"""
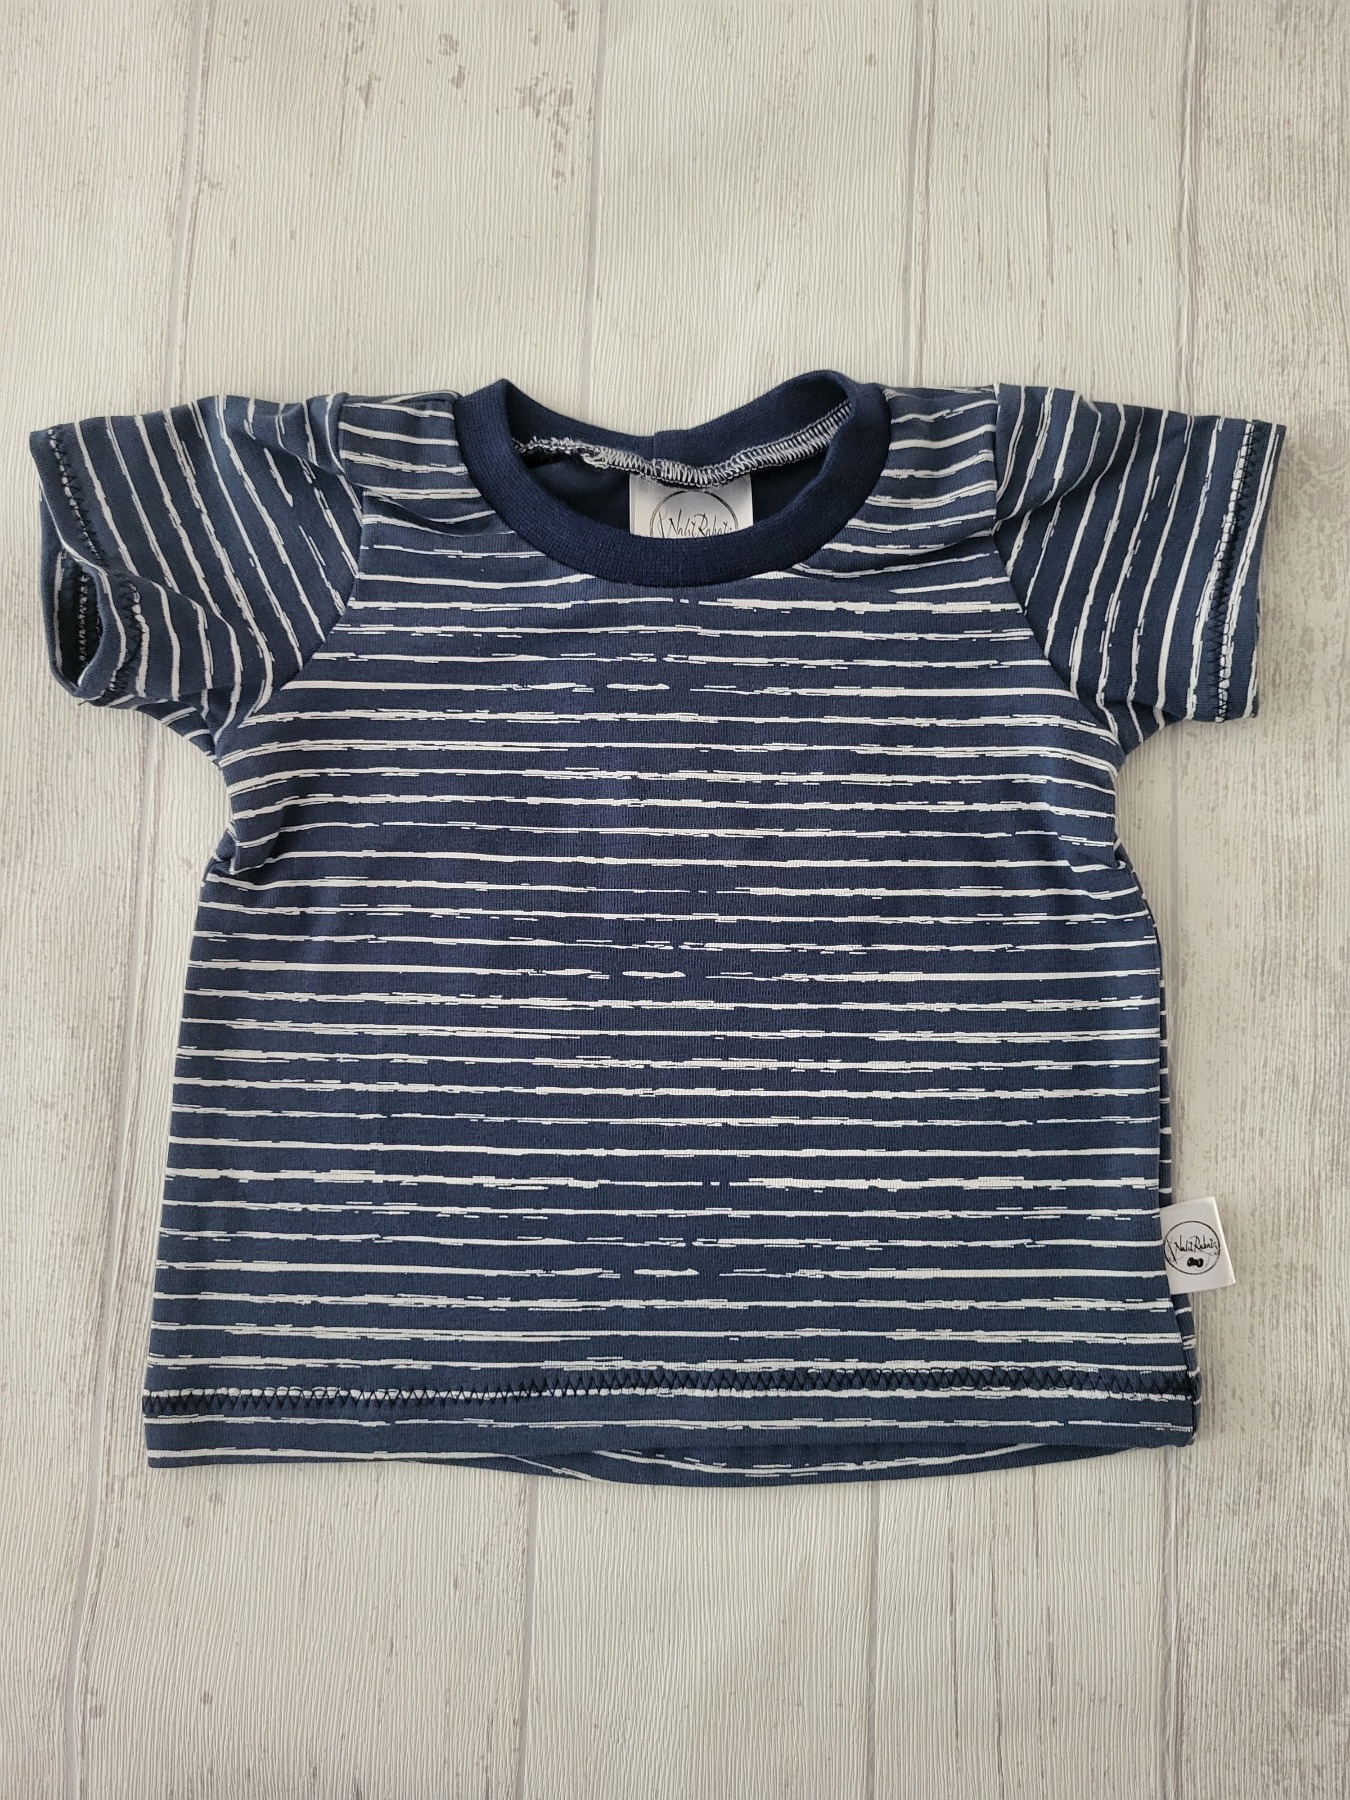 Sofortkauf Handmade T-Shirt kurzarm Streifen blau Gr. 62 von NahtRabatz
"""
"""
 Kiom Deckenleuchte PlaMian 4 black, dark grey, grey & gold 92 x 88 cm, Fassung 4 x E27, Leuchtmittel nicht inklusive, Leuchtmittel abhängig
"""
"""
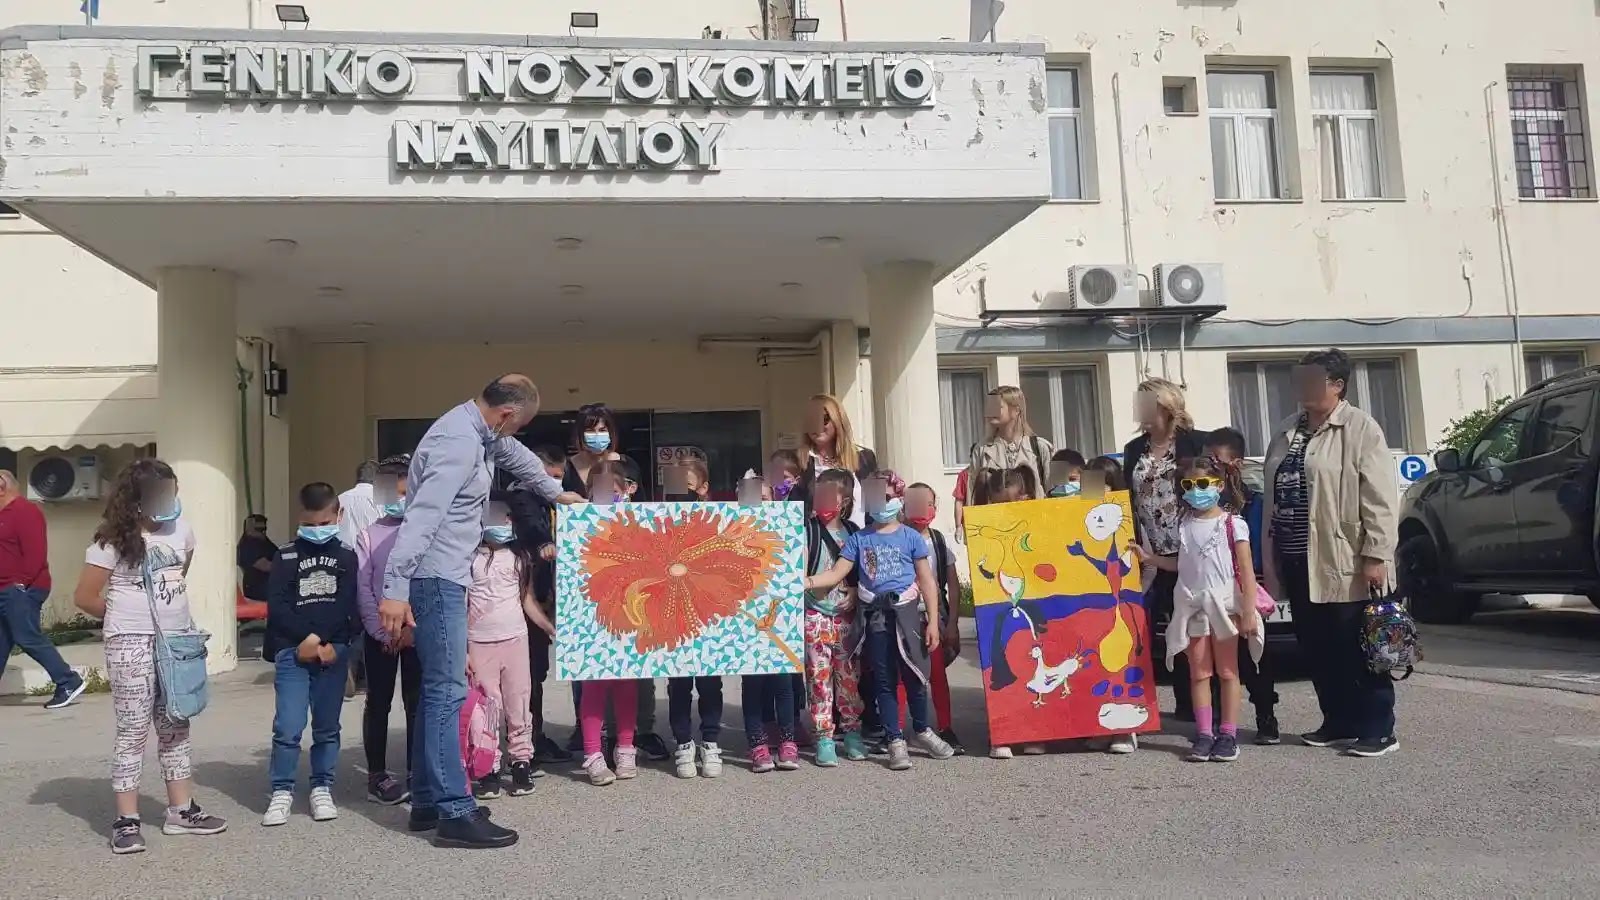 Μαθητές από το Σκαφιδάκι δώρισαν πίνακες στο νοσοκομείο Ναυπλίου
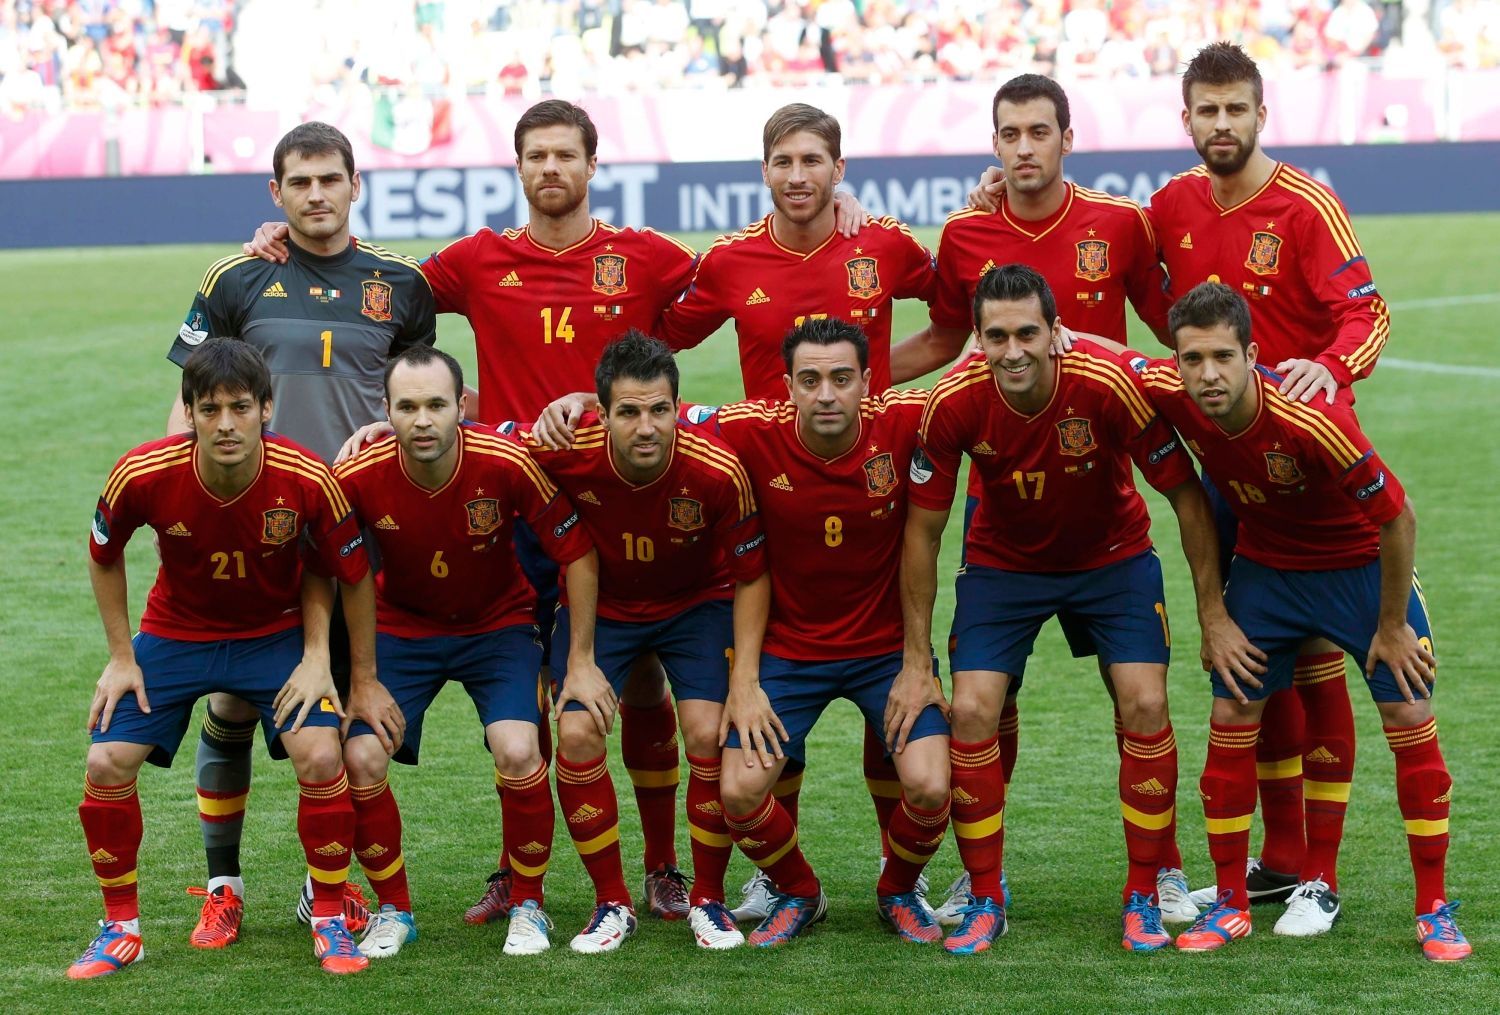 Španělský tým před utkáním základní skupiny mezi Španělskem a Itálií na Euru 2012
"""
Your reply is to be an exact repeat of the listing above from the line holding "Μαθητές από το" down to the line holding "Španělský tým před", ends included, pictures excluded.

* [The answer]
 Μαθητές από το Σκαφιδάκι δώρισαν πίνακες στο νοσοκομείο Ναυπλίου
 Španělský tým před utkáním základní skupiny mezi Španělskem a Itálií na Euru 2012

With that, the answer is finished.